● **SOURCE MATERIAL**
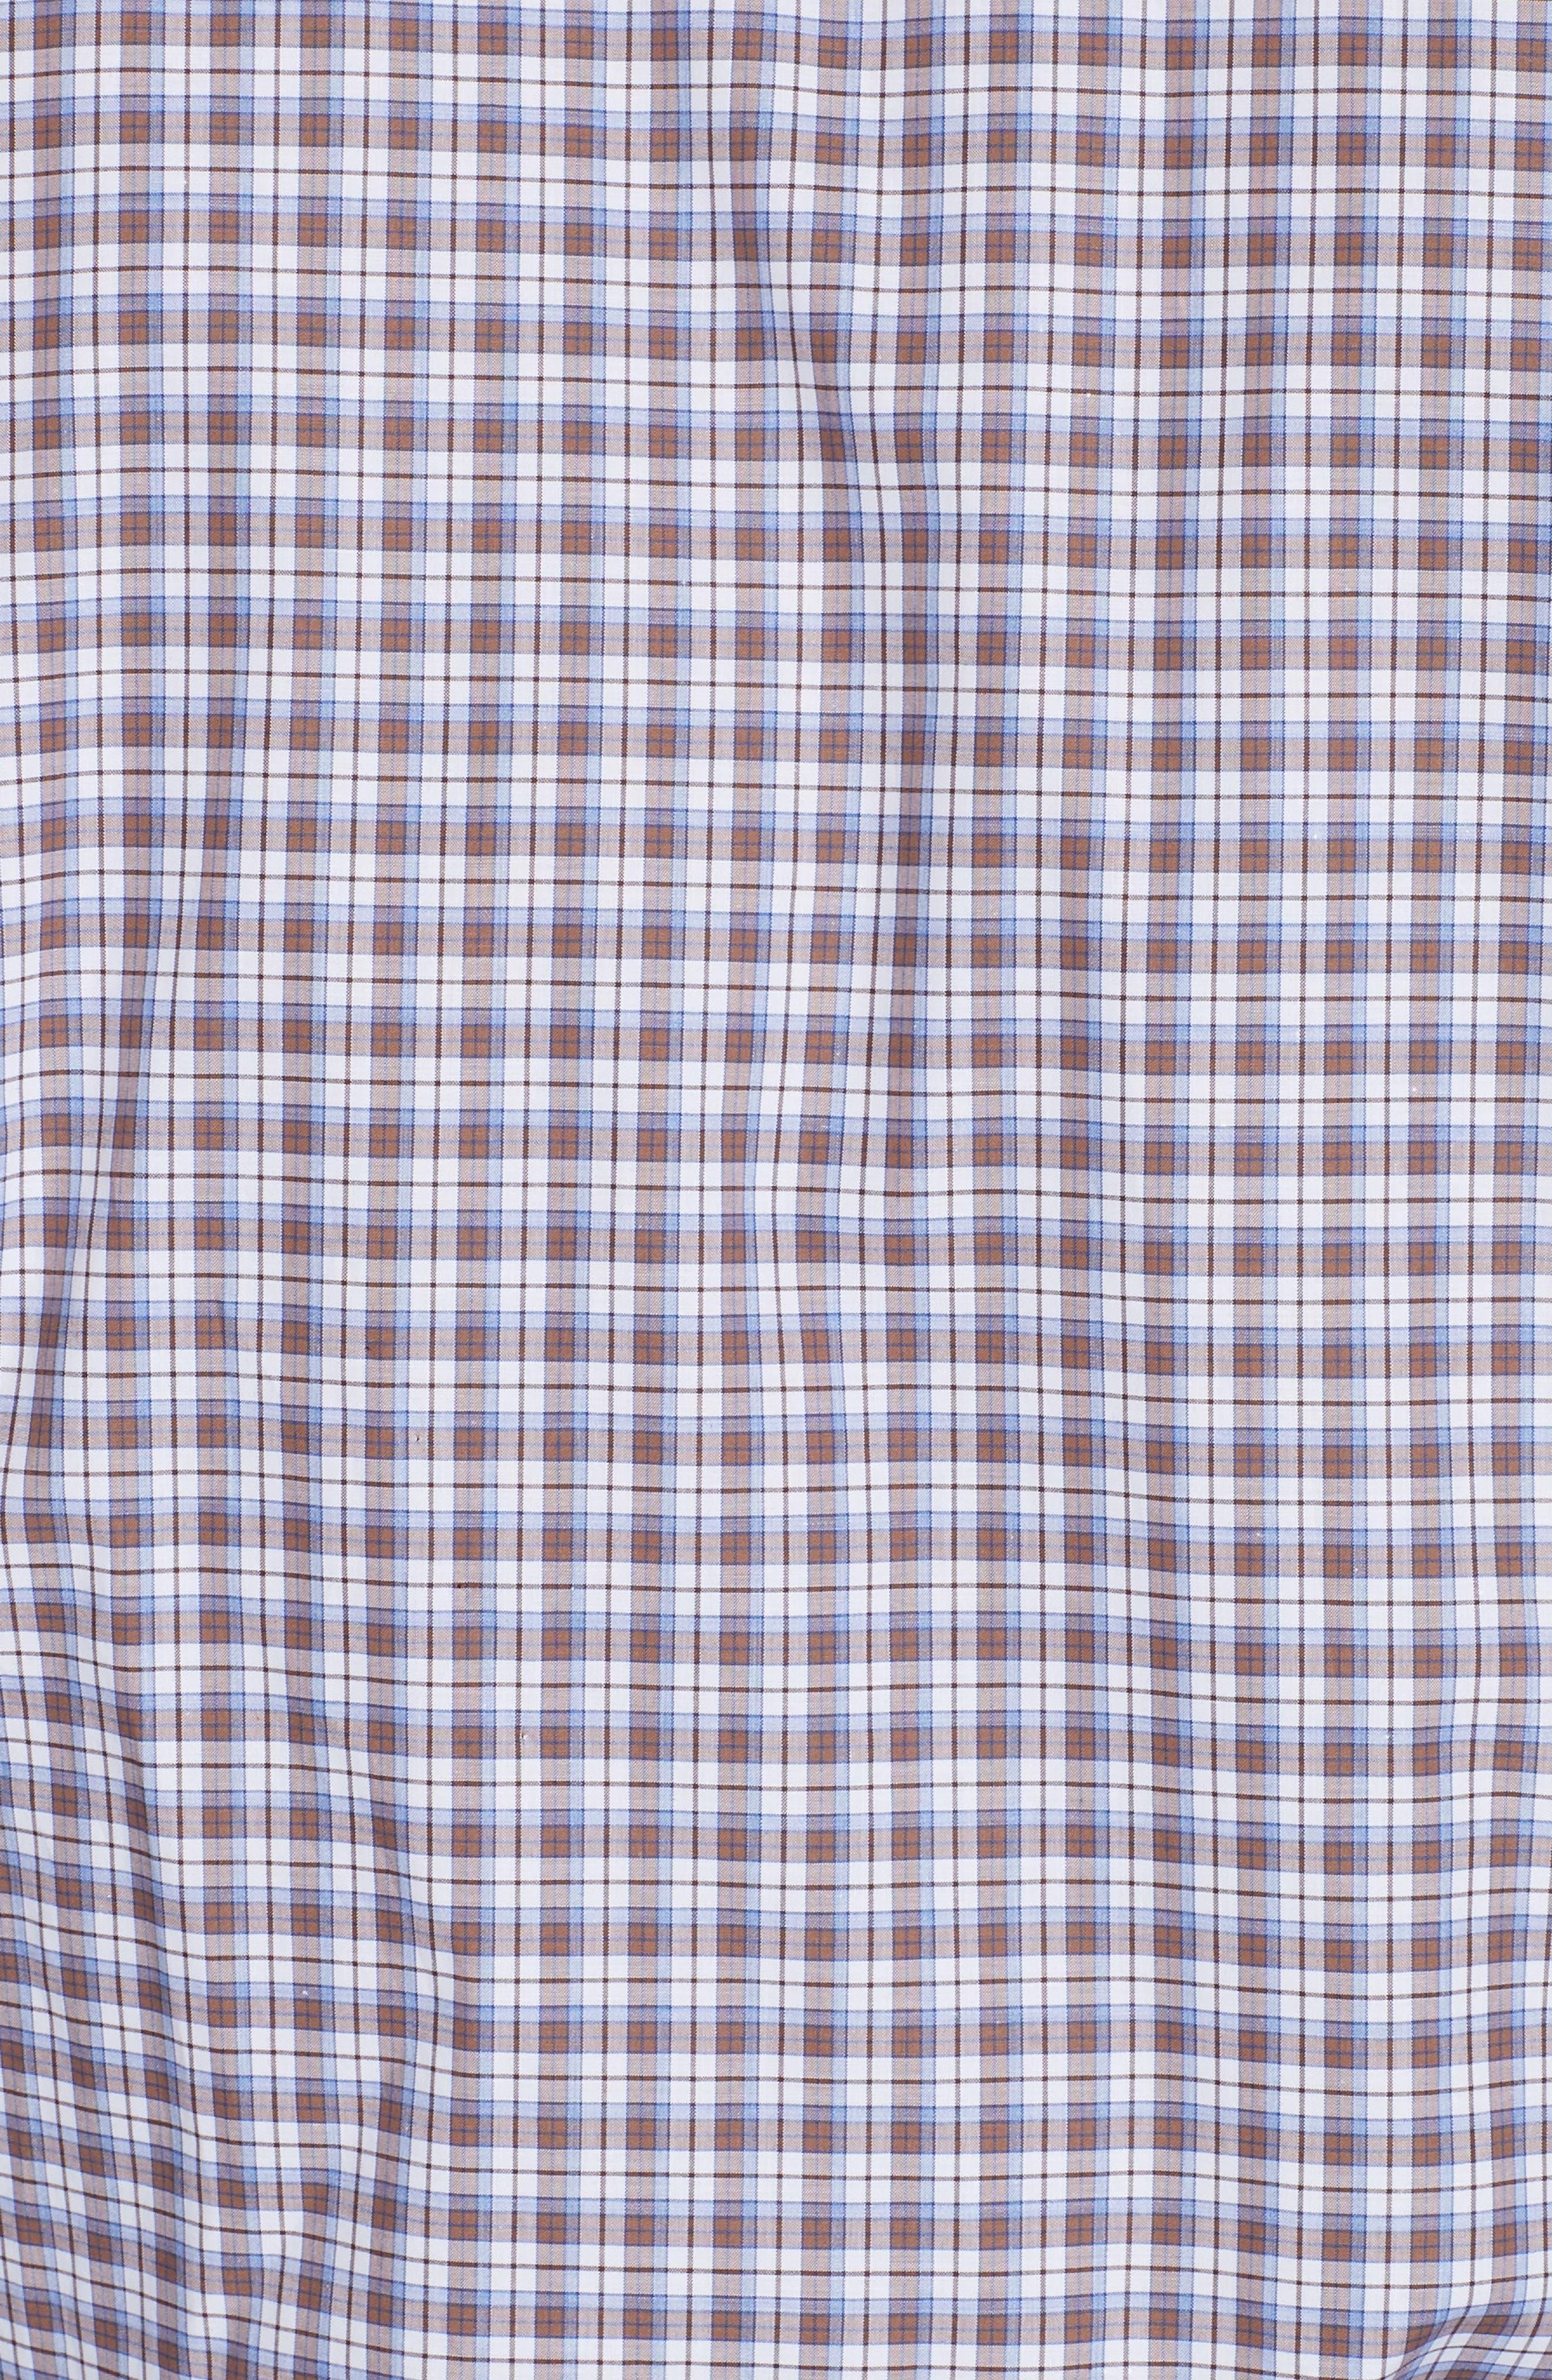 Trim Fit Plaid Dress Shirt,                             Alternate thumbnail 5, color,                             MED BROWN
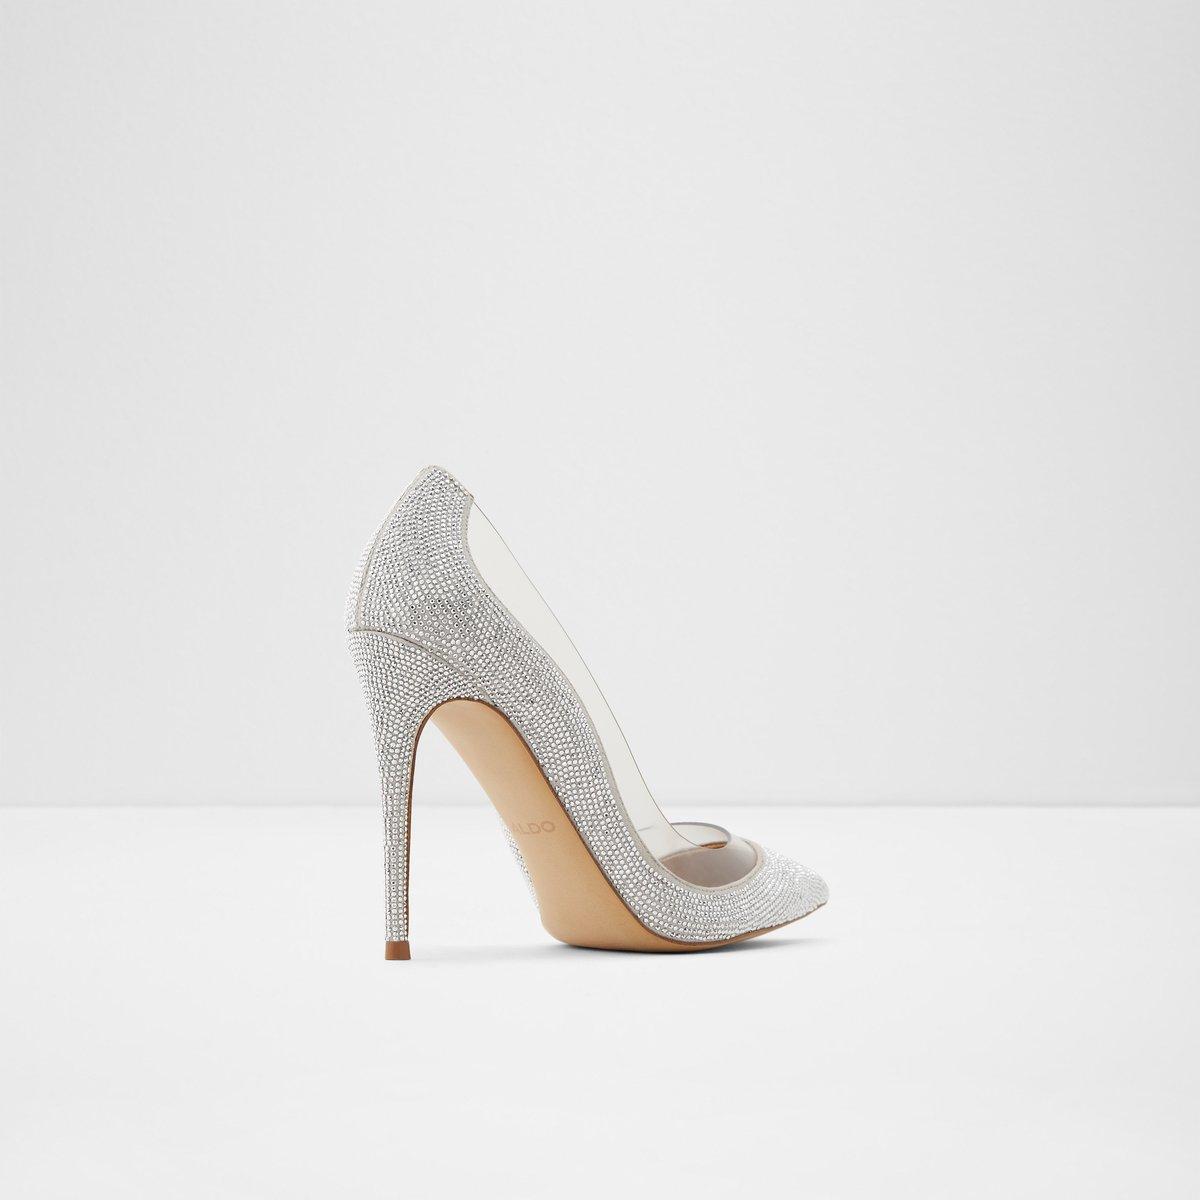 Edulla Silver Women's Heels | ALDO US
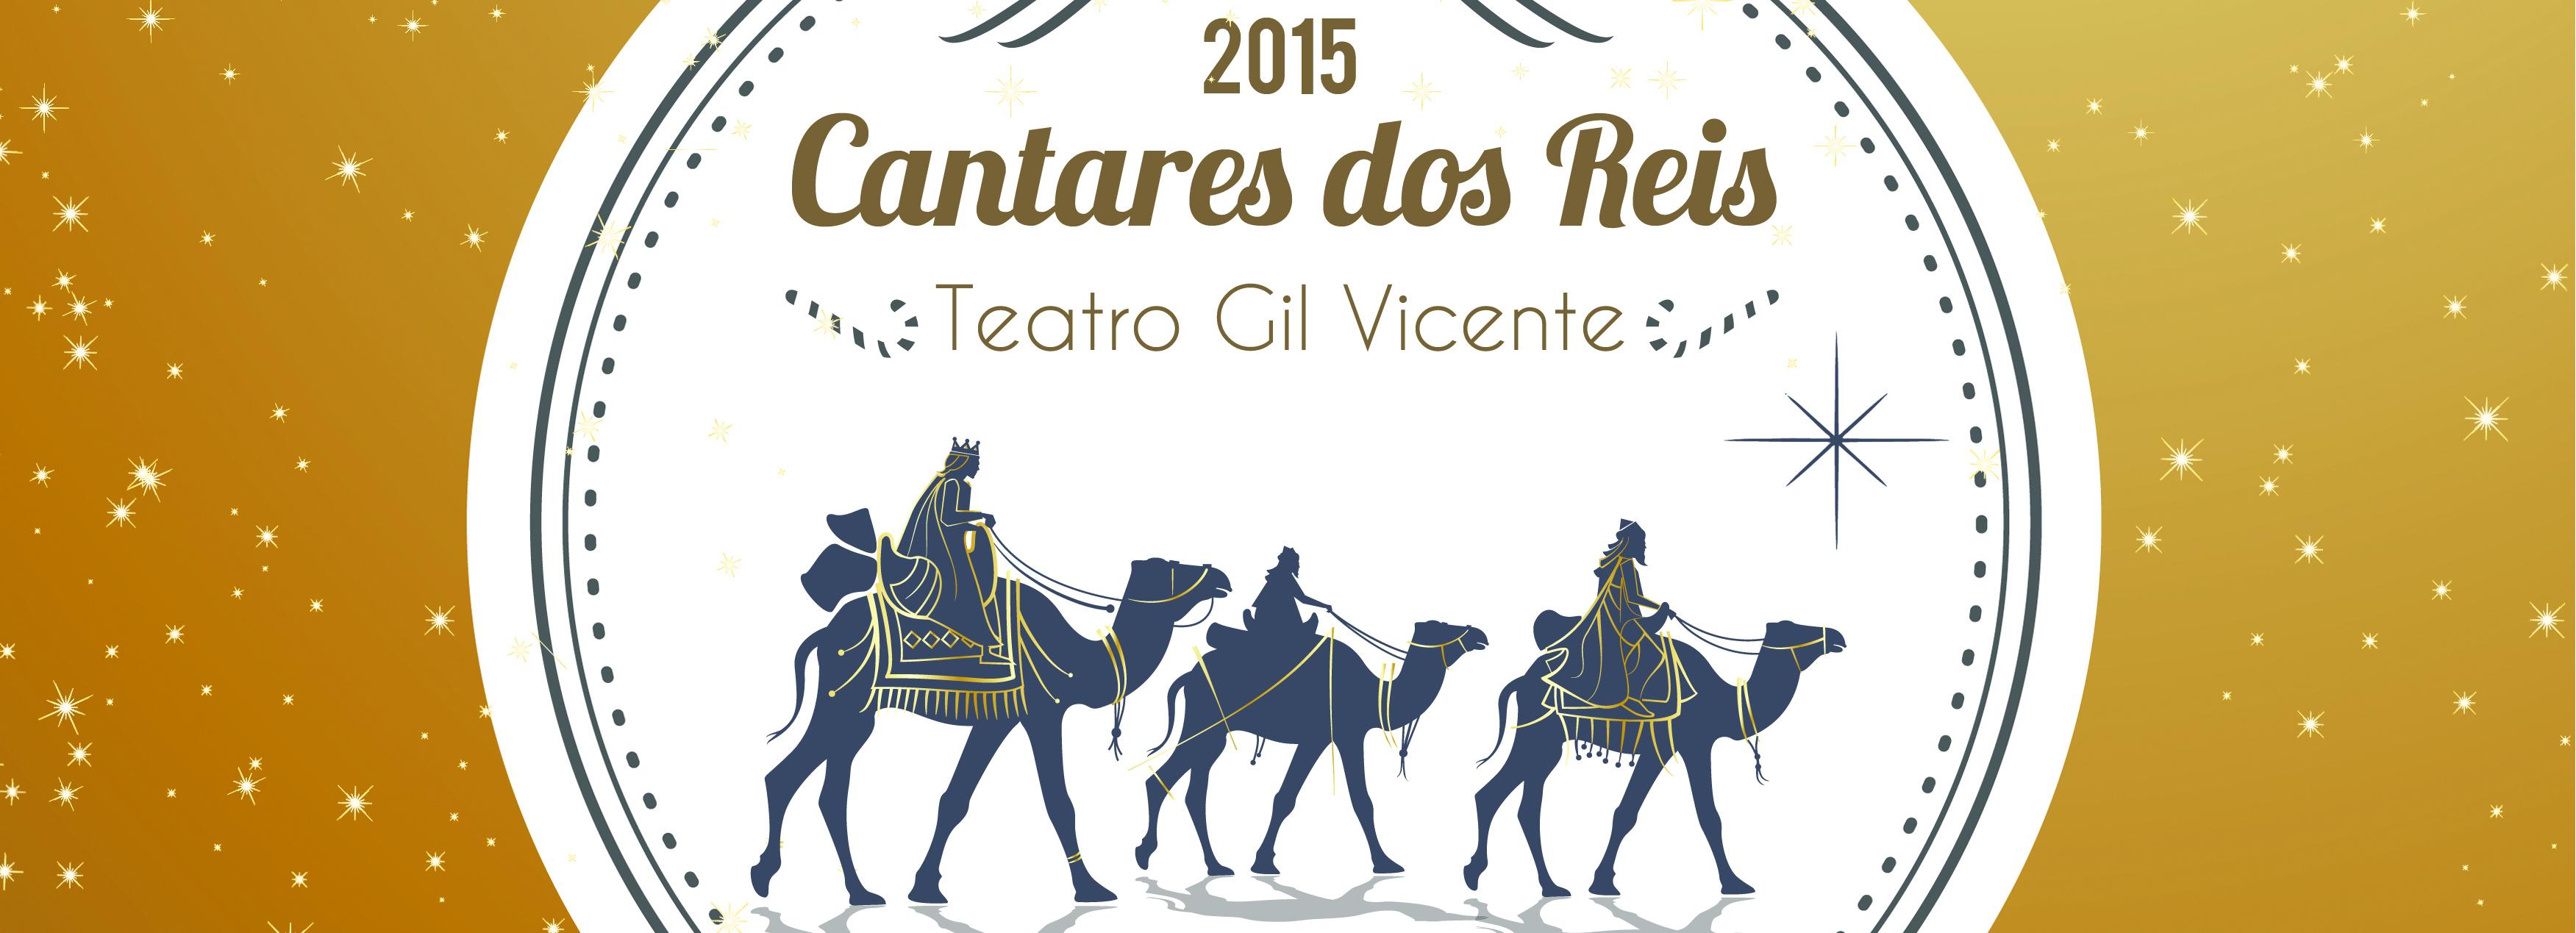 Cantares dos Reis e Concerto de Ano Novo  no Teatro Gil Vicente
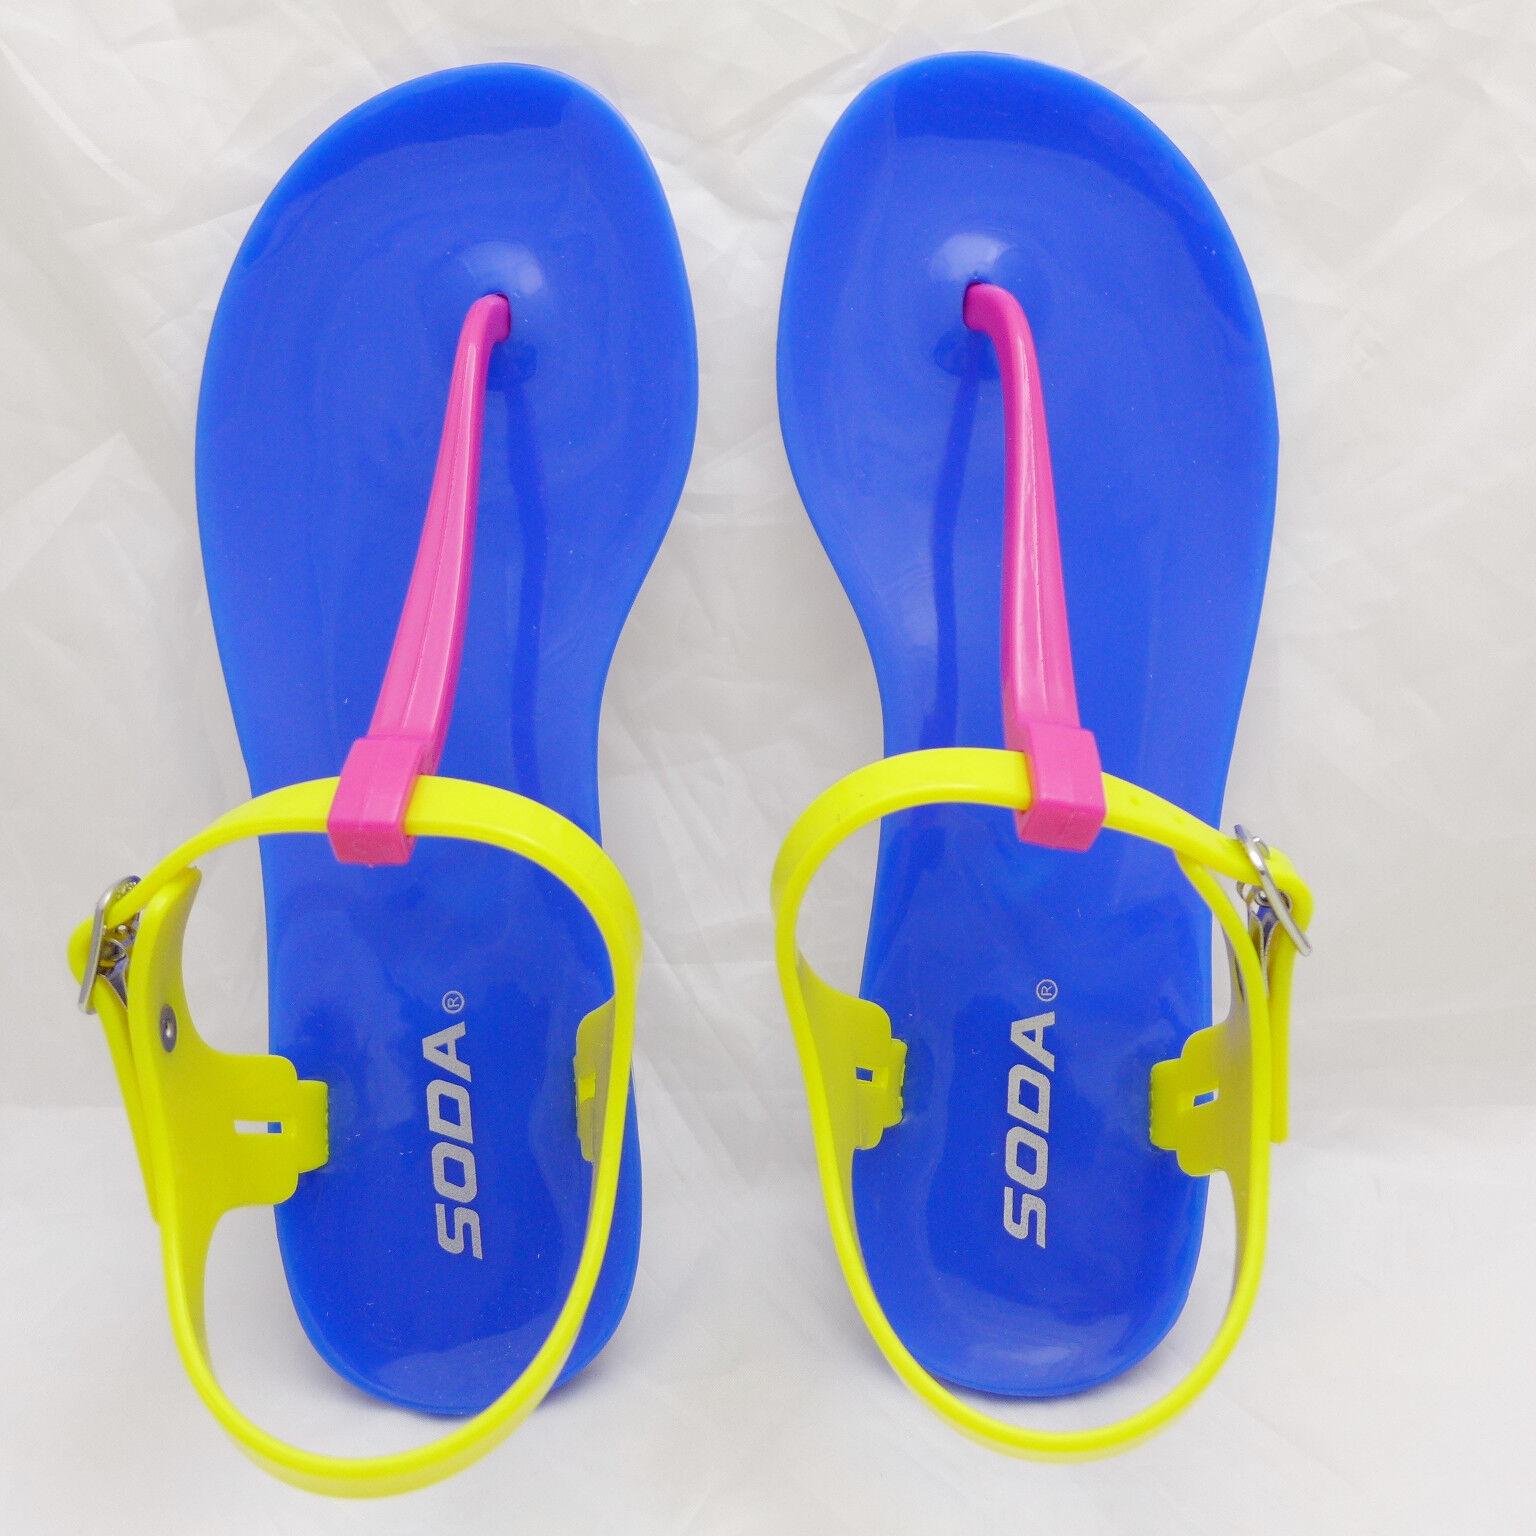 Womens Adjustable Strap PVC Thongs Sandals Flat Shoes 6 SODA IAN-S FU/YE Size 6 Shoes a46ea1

● **REQUIRED WORK**
In your copy of the data above, leave out the pictures and repeat everything else exactly.

● **TASK RESPONSE**
 Trim Fit Plaid Dress Shirt,                             Alternate thumbnail 5, color,                             MED BROWN
 Edulla Silver Women's Heels | ALDO US
 Cantares dos Reis e Concerto de Ano Novo  no Teatro Gil Vicente
 Womens Adjustable Strap PVC Thongs Sandals Flat Shoes 6 SODA IAN-S FU/YE Size 6 Shoes a46ea1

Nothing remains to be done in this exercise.